Due to their limited knowledge about AI as ordinary people, the role of users in eliminating algorithmic bias is only a drop in the bucket. However, users can still learn more about algorithmic bias and its implications to avoid over-valuing and over-relying on AI algorithms. In addition, users can also continue to express their concerns about algorithmic bias and call on authorities to take action.

AI designers can do a lot more than ordinary people. Designers can explore potential strategies for reducing algorithmic bias in AI, such as diversifying datasets. With more diversified databases, algorithms are less likely to yield biased data output. Besides, designers can also work doggedly on implementing human-centered elements in algorithm design, prioritizing users’ needs to get a deeper understanding of contextual guidance for decision-making.

Big Companies and Institutions

Big companies and institutions can play a crucial role in curbing algorithmic bias by wielding their large influence. To begin with, big companies and institutions need to form inclusive and diverse teams for AI development, ensuring the voices of the minority can be heard. What’s more, big companies should hold regular audits of algorithms to check whether covert discrimination exists. Big companies can also put forward standard and clear ethical guidelines for algorithm design, and provide guidance that prioritizes principles of fairness, accountability, and transparency for their staff.


Considering AI will continue to be a major concern in the future, governments should enact moderation and regulations to make sure algorithms are developed ethically.

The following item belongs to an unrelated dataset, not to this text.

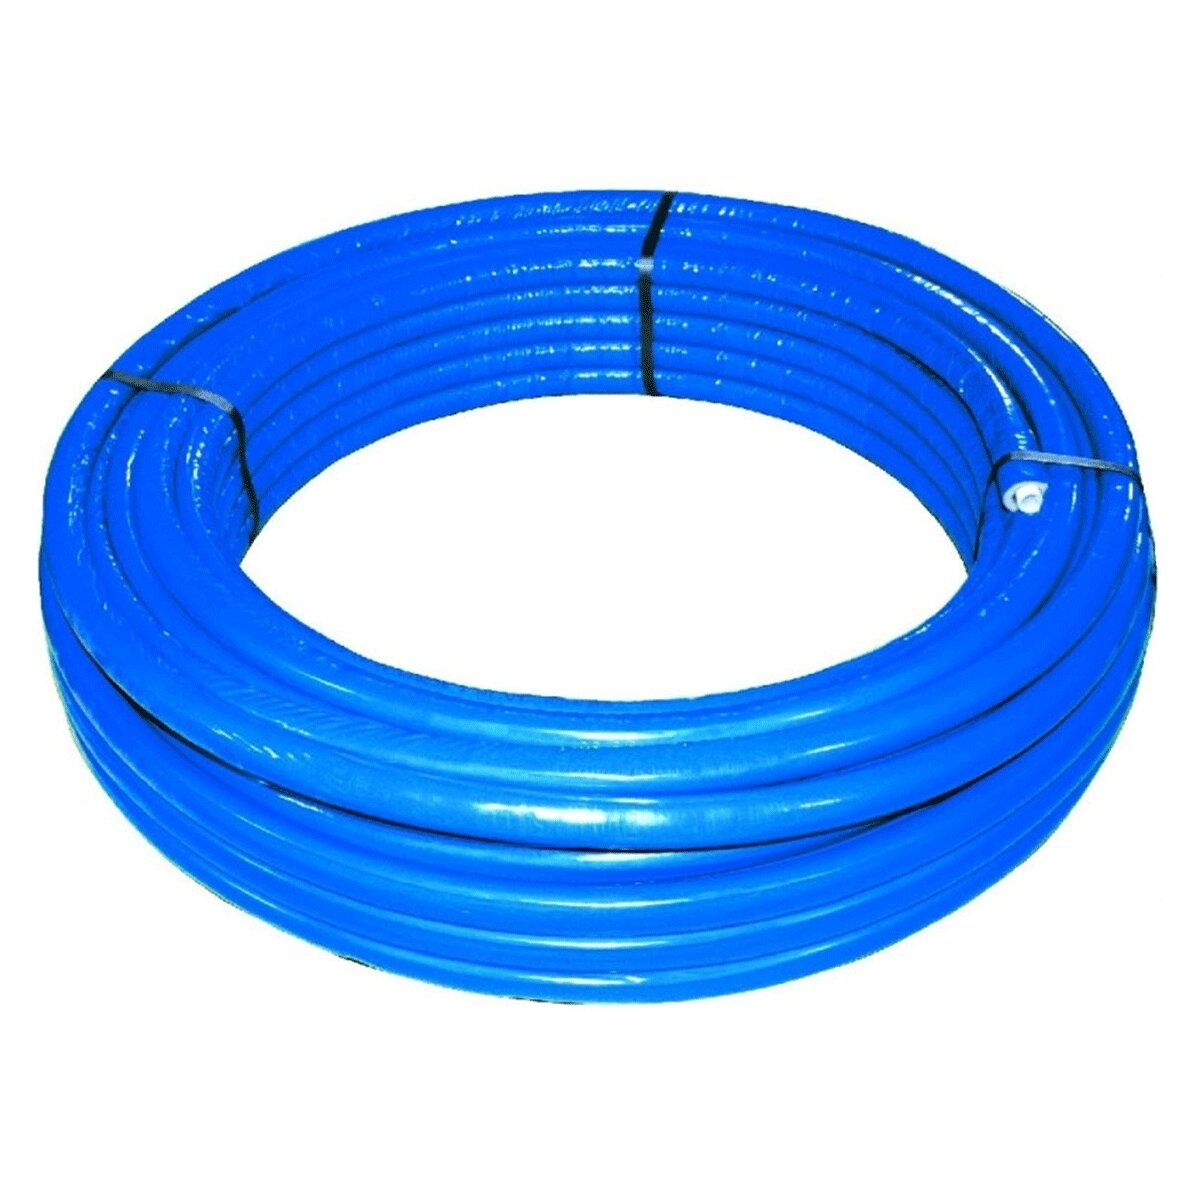 Valsir Mixal multilayer pipe Ø16X2 mm with 10 mm thermal insulating sheath Blue

Australia currently has no established laws on algorithmic discrimination. Nevertheless, the White House established a first-of-its-kind Algorithmic Discrimination Protections in July 2023. The bill requires companies that use AI technologies to perform an annual audit of their recruitment technology for bias (+ Algorithmic Discrimination Protections | OSTP | the White House, 2022).

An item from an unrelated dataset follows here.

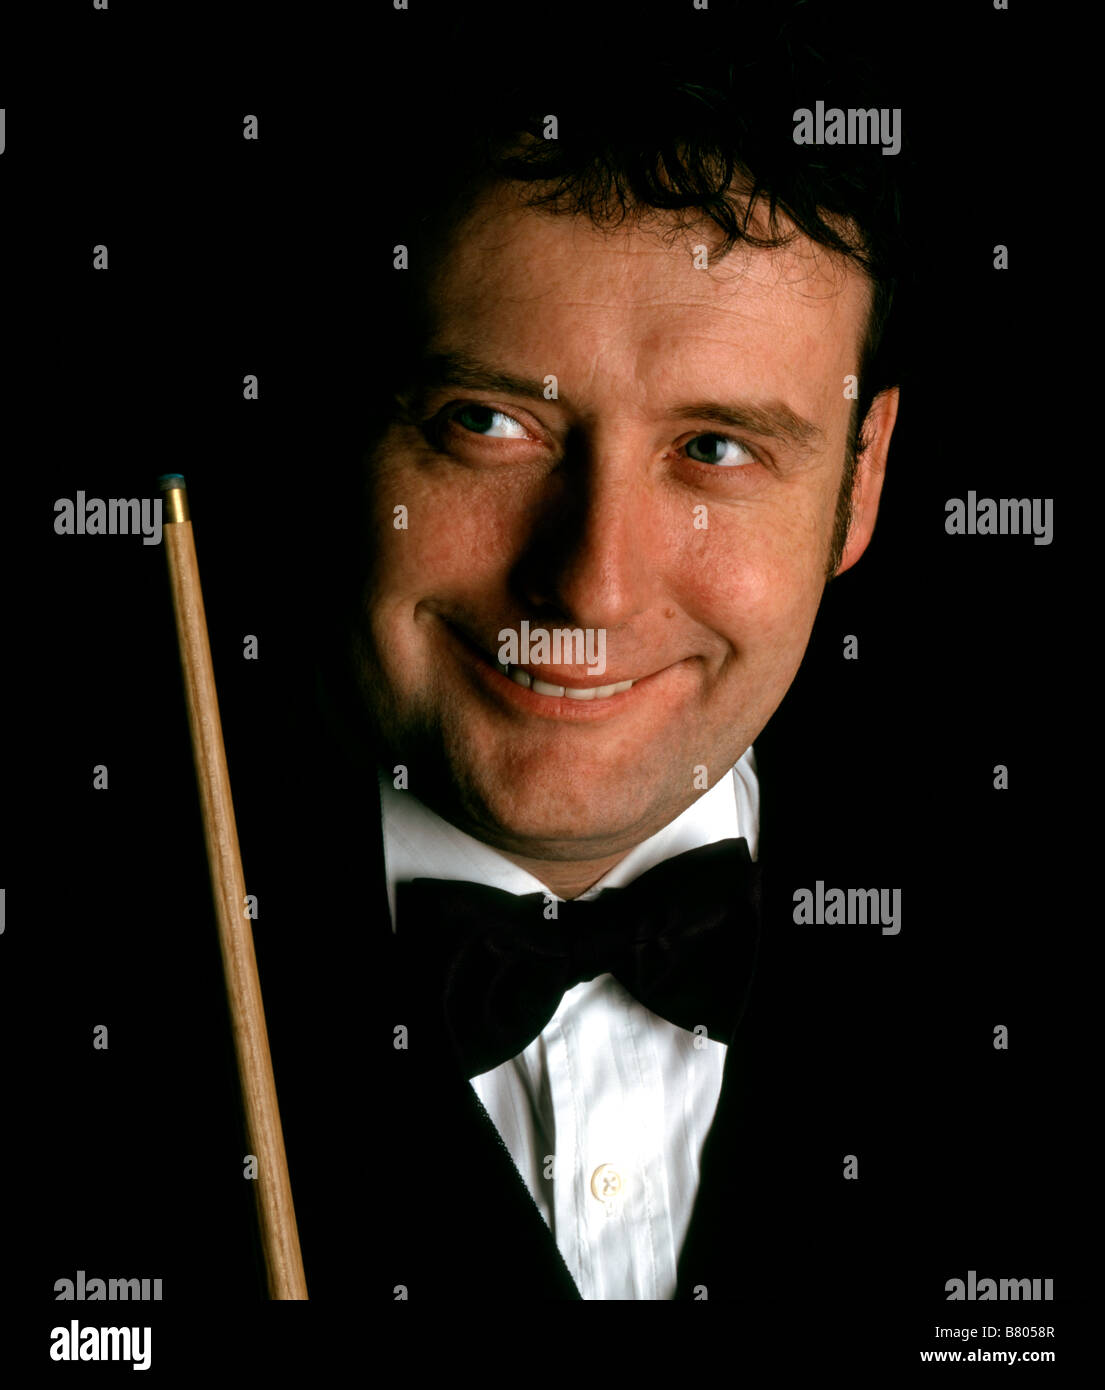 JIMMY WHITE SNOOKER PLAYER Stock Photo

“You should not face discrimination by algorithms and systems should be used and designed in an equitable way.”

the White House, 2022

Apart from the enforcement of the law, the government can also introduce policies that promote inclusion and diversity in the AI industry to support minoritized groups’ access to this demanding industry. What’s more, policymakers can also fund sustainable research and development projects in AI companies and pay particular attention to their ethics, lest companies lack incentives to invest in projects about the ethics of algorithms.

In conclusion, the rapid development of artificial intelligence holds not only great promise but also challenges of algorithmic bias, which is caused by data and method bias. The implications of algorithmic bias can be far-reaching, affecting individuals, communities, and society at large.

A concerted effort is required to mitigate biases in algorithms. Individuals can raise awareness and advocate for fair and transparent algorithms, while designers can prioritize diversity and inclusion in algorithm development. Big companies and institutions can play a crucial role in promoting inclusive practices and implementing ethical guidelines for algorithm design. In addition, government regulations and legal frameworks can ensure that algorithmic systems uphold principles of fairness, accountability, and transparency.